The tipical scenario is when I have to run a tool on a new dataset and I would like to test different parameters to asses which are the better ones for my analysis. This can be easily done with BioGrid. For example:

bio-grid -i "/data/Project_X/Sample_Y/*_R1_*.fastq.gz","/data/Project_X/Sample_Y/*_R2_*.fastq.gz" -n bowtie_mapping -c "/software/bowtie2 -x /genomes/genome_index -p 8 -L <22,32,2> -1 <input1> -2 <input2> > <output>.sam" -o /data/Project_X/Sample_Y_mapping -s 1 -p 8 -r /results/Sample_Y_mapping -e -t

The key points here are the -L <22,32,2> in the command line template and the -t options of BioGrid. The first is a way to tell BioGrid to generate a number of similar jobs, each one with a different value for the parameter -L. The values are decided based on the information passsed within the < >:

the first number is the first value that the parameter will take
the second number is the last value that the parameter will take
the third number is the increment to generate the range of values in between

So in this case, the -L parameter will take 6 different values: 22, 24, 26, 28, 30 and 32.

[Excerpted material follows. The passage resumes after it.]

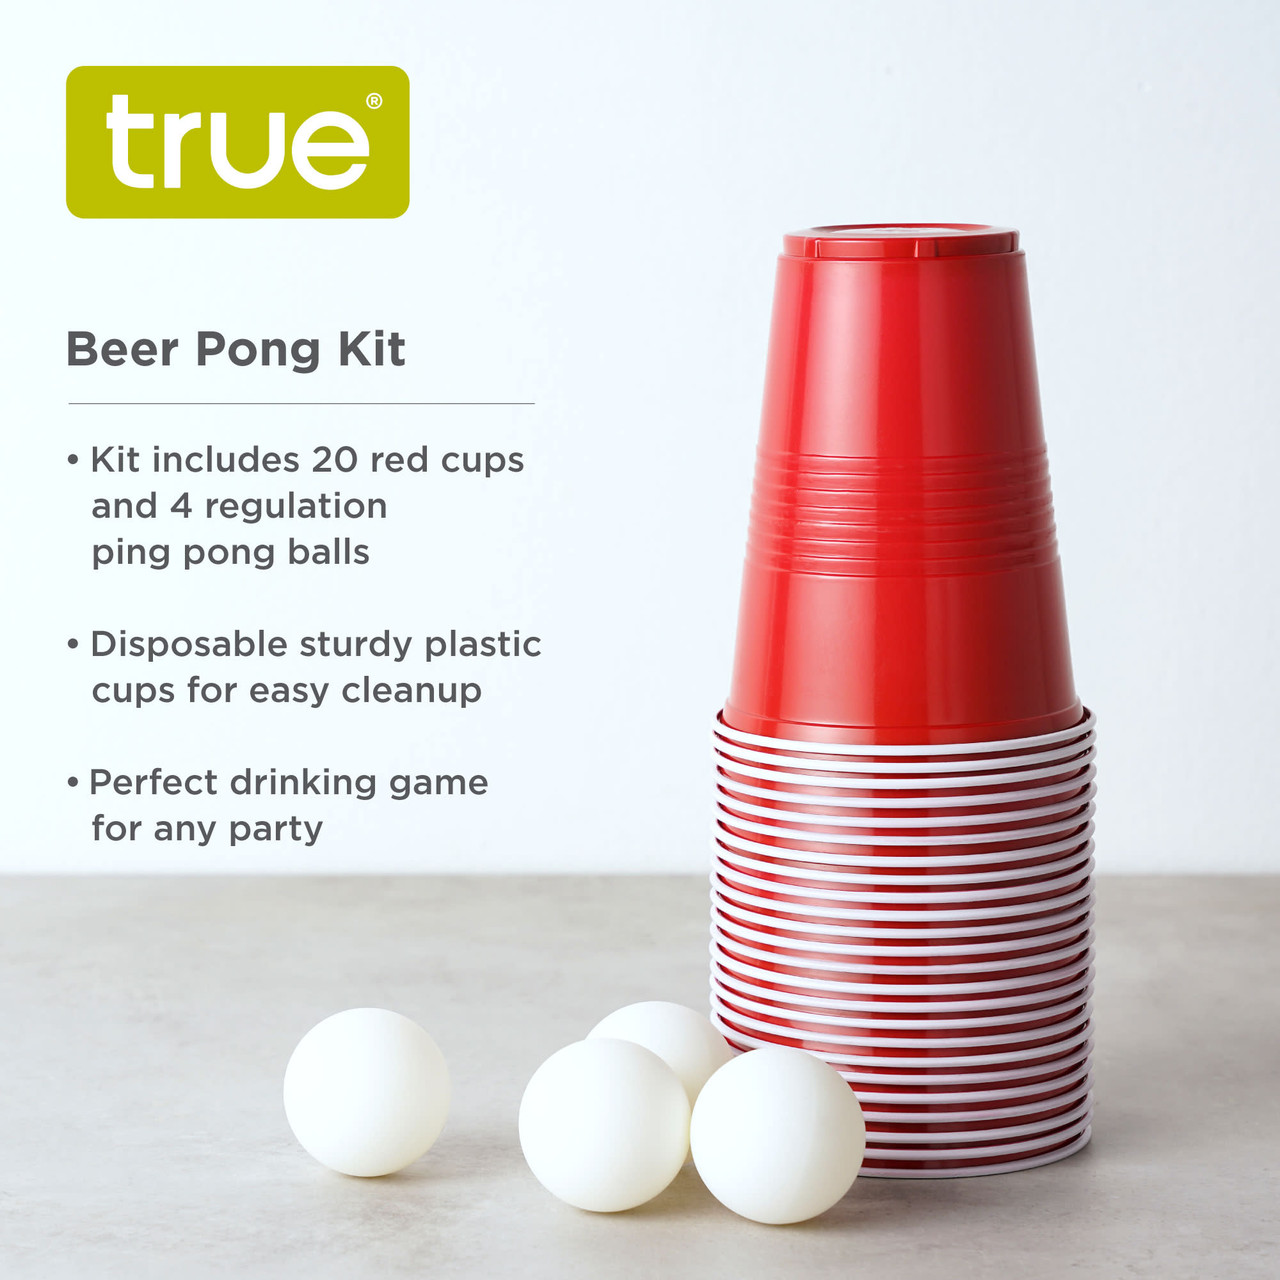 Beer Pong Kit

Last but not least, the -t option is essential so that only a single job per input file (or group of files) will be executed. Sampling parameters values is a typical combinatorial approach and this option avoids generating hundreds of different jobs only to sample a parameter. Coming back to the initial example, if I have 60 pairs of FastQ files, without the -t option, the job number will be 60x6 = 360, which is just crazy when you only want to test different parameter values.

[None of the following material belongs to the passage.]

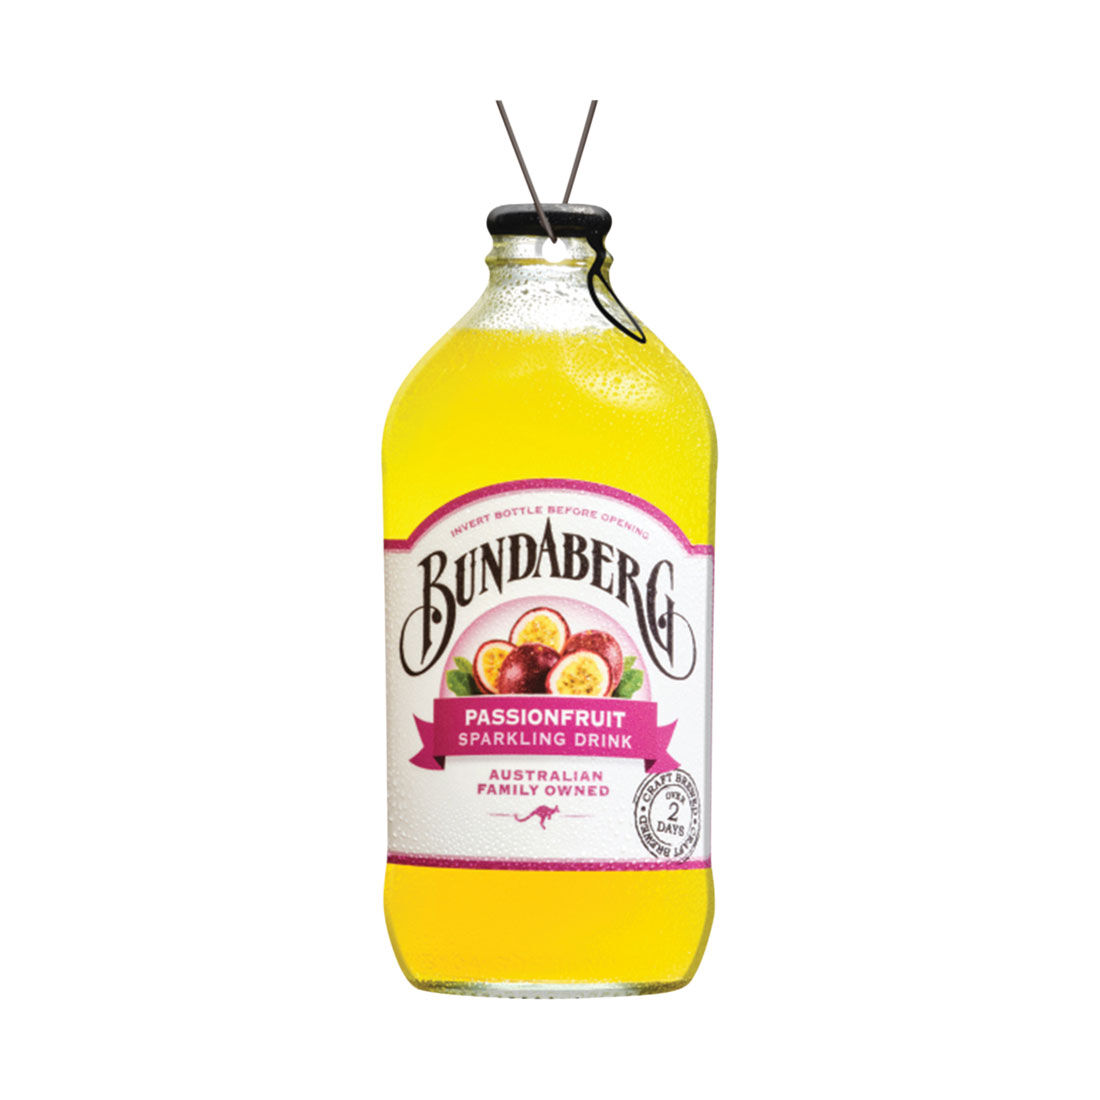 Bundaberg Carded Air Freshener - Passionfruit, , scaau_hi-res

Others parameters sampling

If you want to sample non-numerical parameters, with BioGrid it is possible to use the --params option. So for instance, if I want to run Bowtie on my dataset to assess the results differences using the --sensitive, --very-sensitive and --fast options, I can do it easely in this way:

bio-grid -i "/data/Project_X/Sample_Y/*_R1_*.fastq.gz","/data/Project_X/Sample_Y/*_R2_*.fastq.gz" -n bowtie_mapping -c "/software/bowtie2 -x /genomes/genome_index -p 8 <param> -1 <input1> -2 <input2> > <output>.sam" -o /data/Project_X/Sample_Y_mapping -s 1 -p 8 -r /results/Sample_Y_mapping -e --param "--sensitive","--very-sensitive","--fast" -t

In this case, the key points are the <param> placeholder in the command line and the corresponding --params options in BioGrid, which specify a list of parameters to be used to generate and run different jobs, each one with a different parameter in the list. Again, even in this case, it is recommended to do parameters testing using the -t option, which only runs a single job and not the full job array.

So far, BioGrid does not support, for each run, sampling more than one parameter at the same time.

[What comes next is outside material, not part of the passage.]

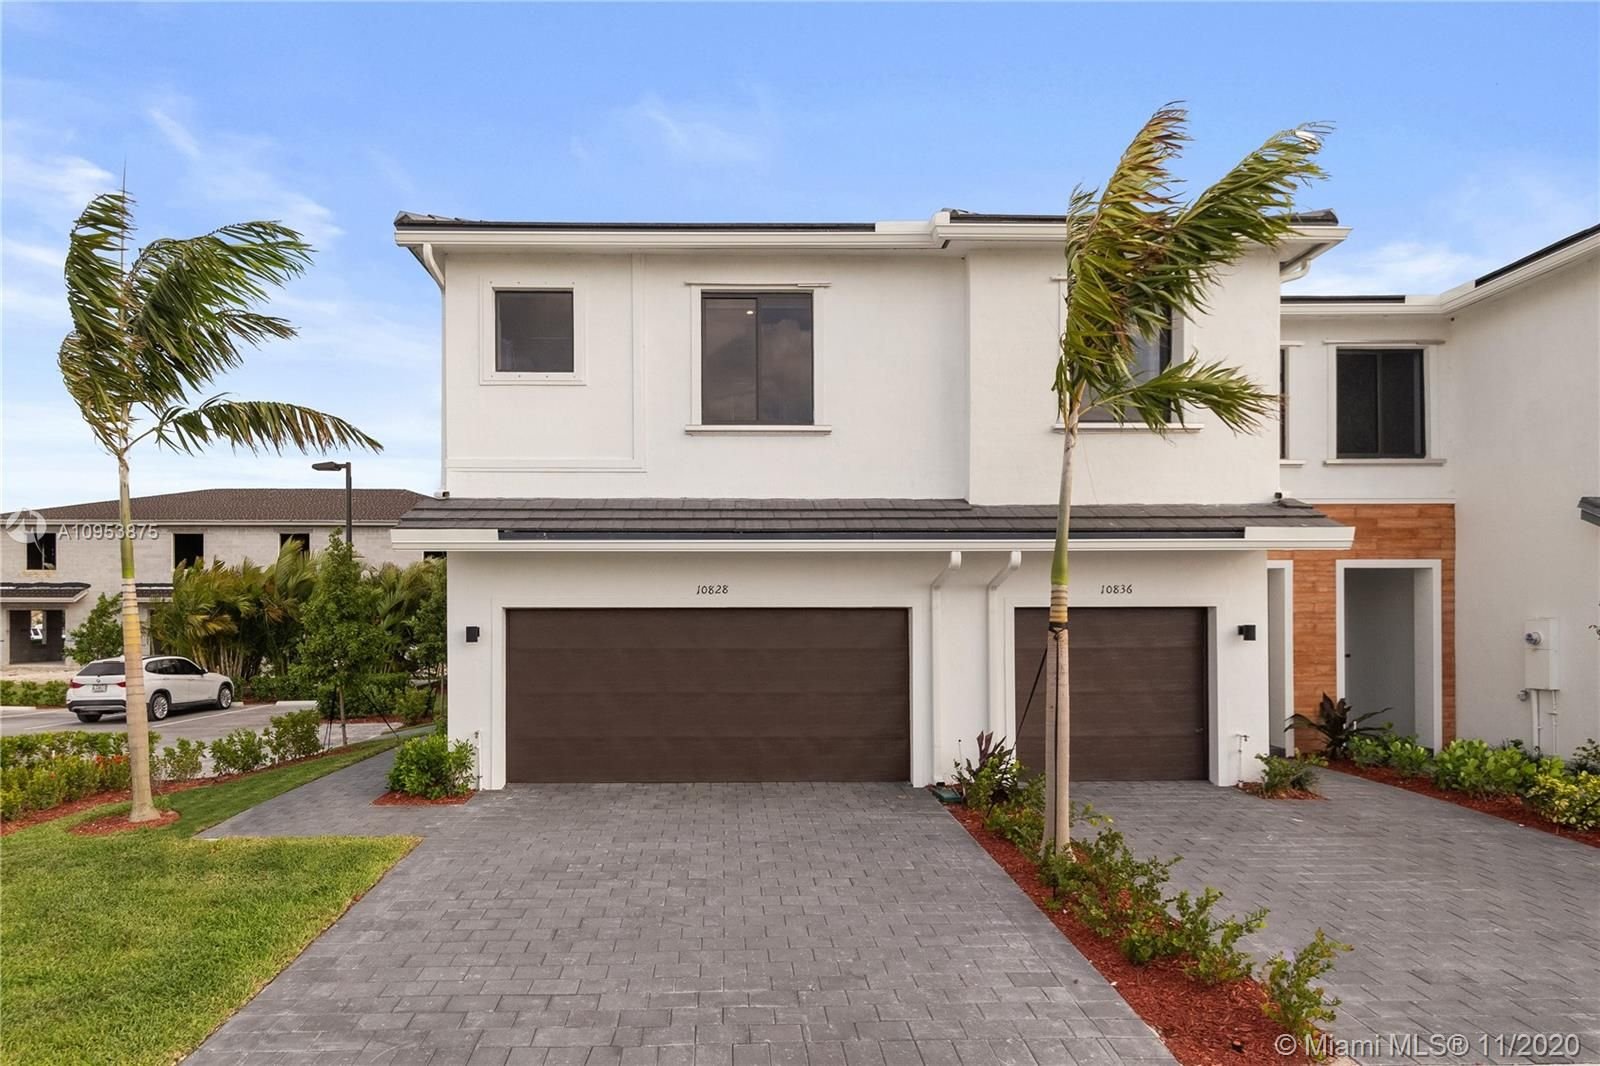 Real estate property located at 10974 235th St, Miami-Dade County, Miami, FL

Contributing to bioruby-grid

Check out the latest master to make sure the feature hasn't been implemented or the bug hasn't been fixed yet.
Check out the issue tracker to make sure someone already hasn't requested it and/or contributed it.
Fork the project.
Start a feature/bugfix branch.
Commit and push until you are happy with your contribution.
Make sure to add tests for it. This is important so I don't break it in a future version unintentionally.
Please try not to mess with the Rakefile, version, or history. If you want to have your own version, or is otherwise necessary, that is fine, but please isolate to its own commit so I can cherry-pick around it.